→ **Task goal**
Output the whole listing again, exactly as it reads.

Given records START

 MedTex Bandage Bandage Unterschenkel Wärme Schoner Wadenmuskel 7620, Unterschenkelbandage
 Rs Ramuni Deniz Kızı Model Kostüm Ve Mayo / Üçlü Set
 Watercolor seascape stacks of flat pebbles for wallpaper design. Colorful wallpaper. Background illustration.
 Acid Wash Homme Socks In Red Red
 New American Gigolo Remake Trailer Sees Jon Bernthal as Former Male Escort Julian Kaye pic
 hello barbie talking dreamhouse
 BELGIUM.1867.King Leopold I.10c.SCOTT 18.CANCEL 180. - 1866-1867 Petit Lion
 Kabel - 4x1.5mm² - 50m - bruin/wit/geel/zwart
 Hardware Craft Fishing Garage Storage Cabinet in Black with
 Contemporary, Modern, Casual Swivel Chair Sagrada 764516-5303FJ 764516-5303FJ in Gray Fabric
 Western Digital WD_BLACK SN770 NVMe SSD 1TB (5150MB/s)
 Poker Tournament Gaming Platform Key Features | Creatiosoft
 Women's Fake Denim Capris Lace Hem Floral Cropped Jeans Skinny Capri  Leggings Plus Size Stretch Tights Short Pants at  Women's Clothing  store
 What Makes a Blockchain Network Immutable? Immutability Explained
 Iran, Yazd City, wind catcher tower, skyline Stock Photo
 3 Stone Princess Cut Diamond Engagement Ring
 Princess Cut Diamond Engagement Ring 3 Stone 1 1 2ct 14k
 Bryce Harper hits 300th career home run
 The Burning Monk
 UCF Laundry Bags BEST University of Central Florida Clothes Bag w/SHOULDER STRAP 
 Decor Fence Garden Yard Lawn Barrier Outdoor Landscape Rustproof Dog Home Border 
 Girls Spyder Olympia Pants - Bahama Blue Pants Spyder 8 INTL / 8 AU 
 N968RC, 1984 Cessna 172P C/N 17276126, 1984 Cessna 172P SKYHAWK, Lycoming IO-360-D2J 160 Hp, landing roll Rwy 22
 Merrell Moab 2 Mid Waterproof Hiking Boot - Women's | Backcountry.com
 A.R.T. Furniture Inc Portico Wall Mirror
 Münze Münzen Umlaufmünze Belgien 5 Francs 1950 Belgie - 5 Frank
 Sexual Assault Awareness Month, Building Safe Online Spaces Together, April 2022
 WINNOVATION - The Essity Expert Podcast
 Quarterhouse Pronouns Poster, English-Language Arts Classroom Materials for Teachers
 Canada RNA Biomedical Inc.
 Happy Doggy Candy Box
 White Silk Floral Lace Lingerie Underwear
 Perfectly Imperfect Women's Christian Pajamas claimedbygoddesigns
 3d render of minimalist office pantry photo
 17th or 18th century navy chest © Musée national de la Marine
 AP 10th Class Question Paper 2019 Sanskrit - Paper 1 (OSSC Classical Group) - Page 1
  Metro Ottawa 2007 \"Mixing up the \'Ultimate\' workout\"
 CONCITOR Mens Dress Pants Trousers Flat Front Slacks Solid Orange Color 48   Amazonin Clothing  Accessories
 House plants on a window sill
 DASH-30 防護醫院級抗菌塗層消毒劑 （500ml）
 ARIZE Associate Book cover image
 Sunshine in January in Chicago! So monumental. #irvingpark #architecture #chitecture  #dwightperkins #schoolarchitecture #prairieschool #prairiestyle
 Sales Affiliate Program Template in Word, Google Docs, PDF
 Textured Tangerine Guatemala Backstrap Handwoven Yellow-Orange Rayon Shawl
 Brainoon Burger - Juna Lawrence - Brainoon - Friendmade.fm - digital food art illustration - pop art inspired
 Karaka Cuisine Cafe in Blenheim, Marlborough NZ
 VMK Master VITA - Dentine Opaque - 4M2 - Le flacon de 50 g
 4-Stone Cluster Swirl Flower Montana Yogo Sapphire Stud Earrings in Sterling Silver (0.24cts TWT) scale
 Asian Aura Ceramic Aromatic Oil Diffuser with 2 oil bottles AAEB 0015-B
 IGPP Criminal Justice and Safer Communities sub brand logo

Given records END

→ **Solution to this exercise**
 MedTex Bandage Bandage Unterschenkel Wärme Schoner Wadenmuskel 7620, Unterschenkelbandage
 Rs Ramuni Deniz Kızı Model Kostüm Ve Mayo / Üçlü Set
 Watercolor seascape stacks of flat pebbles for wallpaper design. Colorful wallpaper. Background illustration.
 Acid Wash Homme Socks In Red Red
 New American Gigolo Remake Trailer Sees Jon Bernthal as Former Male Escort Julian Kaye pic
 hello barbie talking dreamhouse
 BELGIUM.1867.King Leopold I.10c.SCOTT 18.CANCEL 180. - 1866-1867 Petit Lion
 Kabel - 4x1.5mm² - 50m - bruin/wit/geel/zwart
 Hardware Craft Fishing Garage Storage Cabinet in Black with
 Contemporary, Modern, Casual Swivel Chair Sagrada 764516-5303FJ 764516-5303FJ in Gray Fabric
 Western Digital WD_BLACK SN770 NVMe SSD 1TB (5150MB/s)
 Poker Tournament Gaming Platform Key Features | Creatiosoft
 Women's Fake Denim Capris Lace Hem Floral Cropped Jeans Skinny Capri  Leggings Plus Size Stretch Tights Short Pants at  Women's Clothing  store
 What Makes a Blockchain Network Immutable? Immutability Explained
 Iran, Yazd City, wind catcher tower, skyline Stock Photo
 3 Stone Princess Cut Diamond Engagement Ring
 Princess Cut Diamond Engagement Ring 3 Stone 1 1 2ct 14k
 Bryce Harper hits 300th career home run
 The Burning Monk
 UCF Laundry Bags BEST University of Central Florida Clothes Bag w/SHOULDER STRAP 
 Decor Fence Garden Yard Lawn Barrier Outdoor Landscape Rustproof Dog Home Border 
 Girls Spyder Olympia Pants - Bahama Blue Pants Spyder 8 INTL / 8 AU 
 N968RC, 1984 Cessna 172P C/N 17276126, 1984 Cessna 172P SKYHAWK, Lycoming IO-360-D2J 160 Hp, landing roll Rwy 22
 Merrell Moab 2 Mid Waterproof Hiking Boot - Women's | Backcountry.com
 A.R.T. Furniture Inc Portico Wall Mirror
 Münze Münzen Umlaufmünze Belgien 5 Francs 1950 Belgie - 5 Frank
 Sexual Assault Awareness Month, Building Safe Online Spaces Together, April 2022
 WINNOVATION - The Essity Expert Podcast
 Quarterhouse Pronouns Poster, English-Language Arts Classroom Materials for Teachers
 Canada RNA Biomedical Inc.
 Happy Doggy Candy Box
 White Silk Floral Lace Lingerie Underwear
 Perfectly Imperfect Women's Christian Pajamas claimedbygoddesigns
 3d render of minimalist office pantry photo
 17th or 18th century navy chest © Musée national de la Marine
 AP 10th Class Question Paper 2019 Sanskrit - Paper 1 (OSSC Classical Group) - Page 1
  Metro Ottawa 2007 \"Mixing up the \'Ultimate\' workout\"
 CONCITOR Mens Dress Pants Trousers Flat Front Slacks Solid Orange Color 48   Amazonin Clothing  Accessories
 House plants on a window sill
 DASH-30 防護醫院級抗菌塗層消毒劑 （500ml）
 ARIZE Associate Book cover image
 Sunshine in January in Chicago! So monumental. #irvingpark #architecture #chitecture  #dwightperkins #schoolarchitecture #prairieschool #prairiestyle
 Sales Affiliate Program Template in Word, Google Docs, PDF
 Textured Tangerine Guatemala Backstrap Handwoven Yellow-Orange Rayon Shawl
 Brainoon Burger - Juna Lawrence - Brainoon - Friendmade.fm - digital food art illustration - pop art inspired
 Karaka Cuisine Cafe in Blenheim, Marlborough NZ
 VMK Master VITA - Dentine Opaque - 4M2 - Le flacon de 50 g
 4-Stone Cluster Swirl Flower Montana Yogo Sapphire Stud Earrings in Sterling Silver (0.24cts TWT) scale
 Asian Aura Ceramic Aromatic Oil Diffuser with 2 oil bottles AAEB 0015-B
 IGPP Criminal Justice and Safer Communities sub brand logo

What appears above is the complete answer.